Figure 1: Meridional bias in the time-mean precipitation (PR) structure across the eastern Pacific (averaged between 150–90°W), primarily illustrating the double intertropical convergence zone (ITCZ) bias. The black curve represents the reference data, while the blue curve represents the model data. The metric shown is the meridional RMSE between the model and reference curves.

# Diagnostics Level 2


In [None]:
import cartopy.crs as ccrs
import cartopy.feature as cfeature
import matplotlib.pyplot as plt
from matplotlib import cm
import matplotlib.colors as mcolors
import cmocean
# Importing numpy for linear space creation
import numpy as np

import iris
import iris.plot as iplt

### Exercise:
Change the observation dataset 

In [None]:
#### change this observational dataset to NOAA-CIRES-20CR-V2
obs_data = obs_datasets_prep2["GPCP-V2.3"] ## both are in this dictionary 

model_data = model_datasets_prep2["ACCESS-ESM1-5"]

# Create a colormap from cmocean balance
cmap = cmocean.cm.balance
colors = cmap(np.linspace(0, 1, 14))

# Create a large figure
fig = plt.figure(figsize=(20, 10))  # Adjusted for full width

# Center the map on the Pacific Ocean (roughly around 180° longitude)
proj = ccrs.Orthographic(central_longitude=-160, central_latitude=0)

# Define the normalization for the color scale with range of 0 to 12 mm
norm = mcolors.Normalize(vmin=0, vmax=12)

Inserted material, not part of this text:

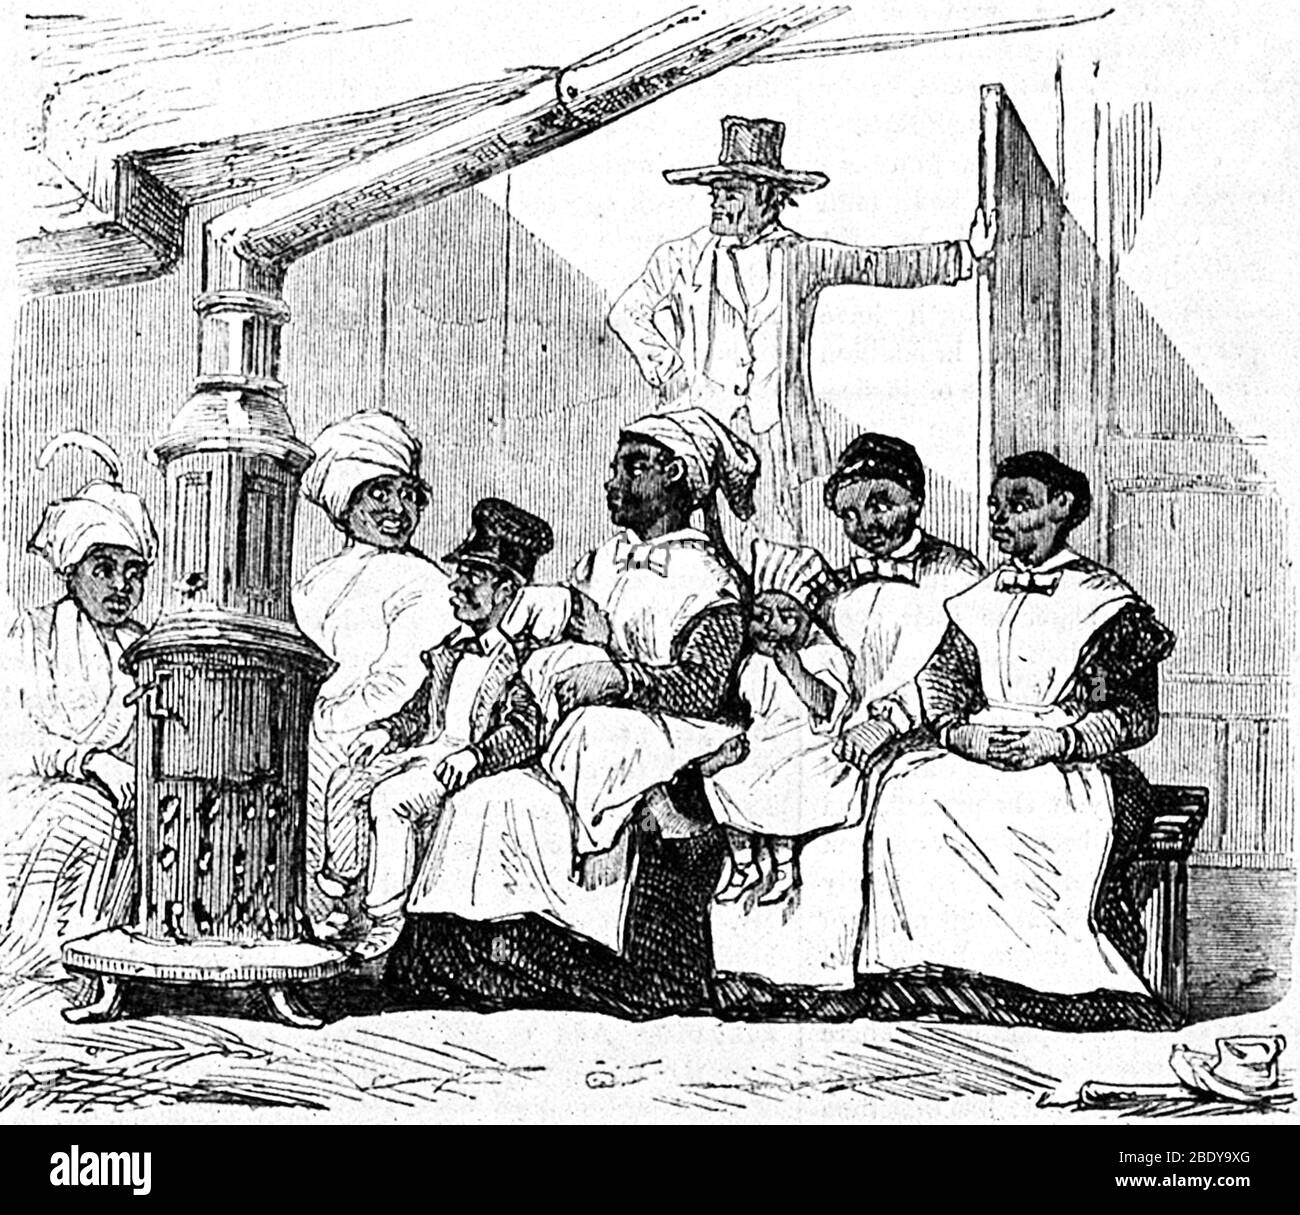 Esclavos esperando ser vendidos, Virginia, 1857 Foto de stock

# Plot #1: contourf with axes longitude from -180 to 180
ax1 = plt.subplot(121, projection=proj)
cf1 = iplt.contourf(obs_data, cmap=cmap, norm=norm)
ax1.add_feature(cfeature.LAND, facecolor='gray')  # Add land feature with gray color
ax1.coastlines()
ax1.set_extent([120, -80, -20, 20], crs=ccrs.PlateCarree())

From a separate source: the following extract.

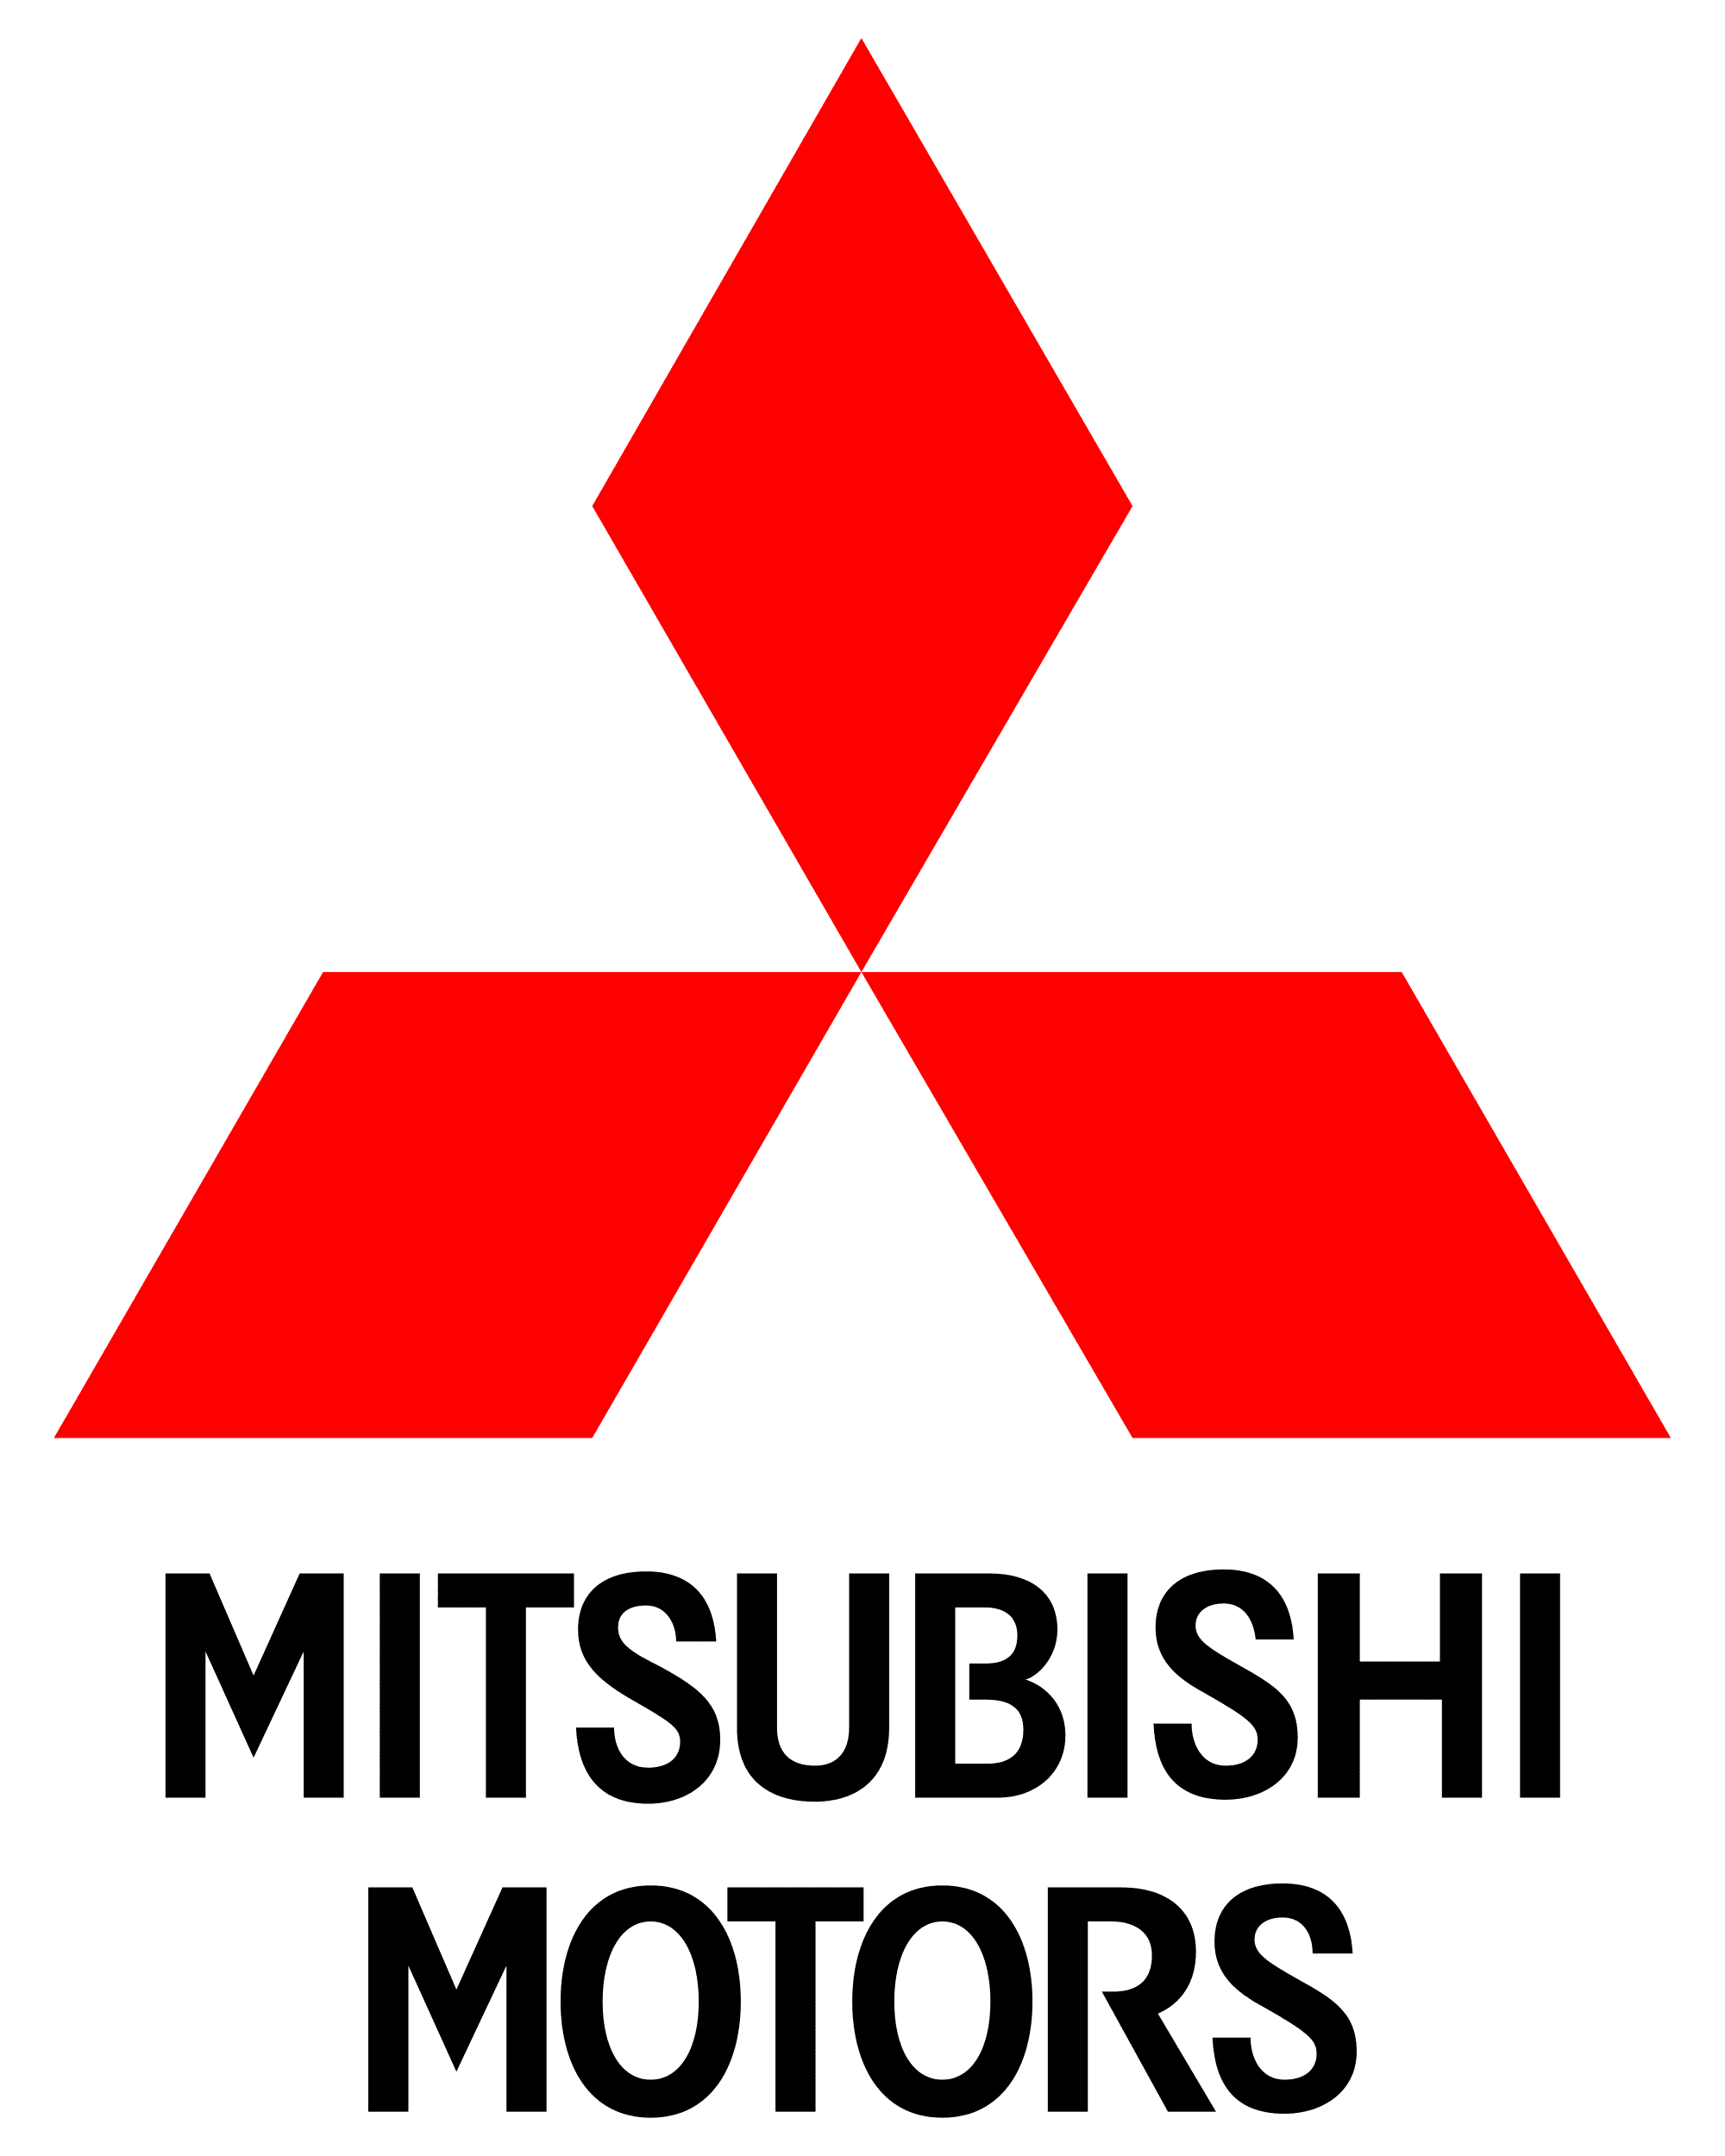 Mitsubishi window sticker

ax1.set_title("ref: GPCPv2.3") ### Change label to match

# Add gridlines for latitude and longitude
gl1 = ax1.gridlines(draw_labels=True, linestyle='--')
gl1.top_labels = False
gl1.right_labels = False

# Plot #2: contourf with axes longitude from 0 to 360
ax2 = plt.subplot(122, projection=proj)
cf2 = iplt.contourf(model_data, cmap=cmap, norm=norm)
ax2.add_feature(cfeature.LAND, facecolor='gray')  # Add land feature with gray color
ax2.coastlines()
ax2.set_extent([120, -80, -20, 20], crs=ccrs.PlateCarree())
ax2.set_title("ACCESS-ESM1-5 r1i1p1f1")

# Add gridlines for latitude and longitude
gl2 = ax2.gridlines(draw_labels=True, linestyle='--')
gl2.top_labels = False
gl2.right_labels = False

# Add a single colorbar at the bottom
cbar = fig.colorbar(cf2, ax=[ax1, ax2], orientation='horizontal', extend='both', pad=0.15, shrink=0.8)
cbar.set_label('Precipitation (mm/day)')
cbar.set_ticks(np.arange(0, 13, 2))  # Set ticks at intervals of 2 mm

plt.subplots_adjust(bottom=0.3)  # Further adjust bottom margin to fit the colorbar
plt.show()

Figure 2: Time-mean precipitation (PR) bias in the equatorial Pacific, highlighting the double intertropical convergence zone (ITCZ) bias. The left map displays the reference data, while the right map shows the model data.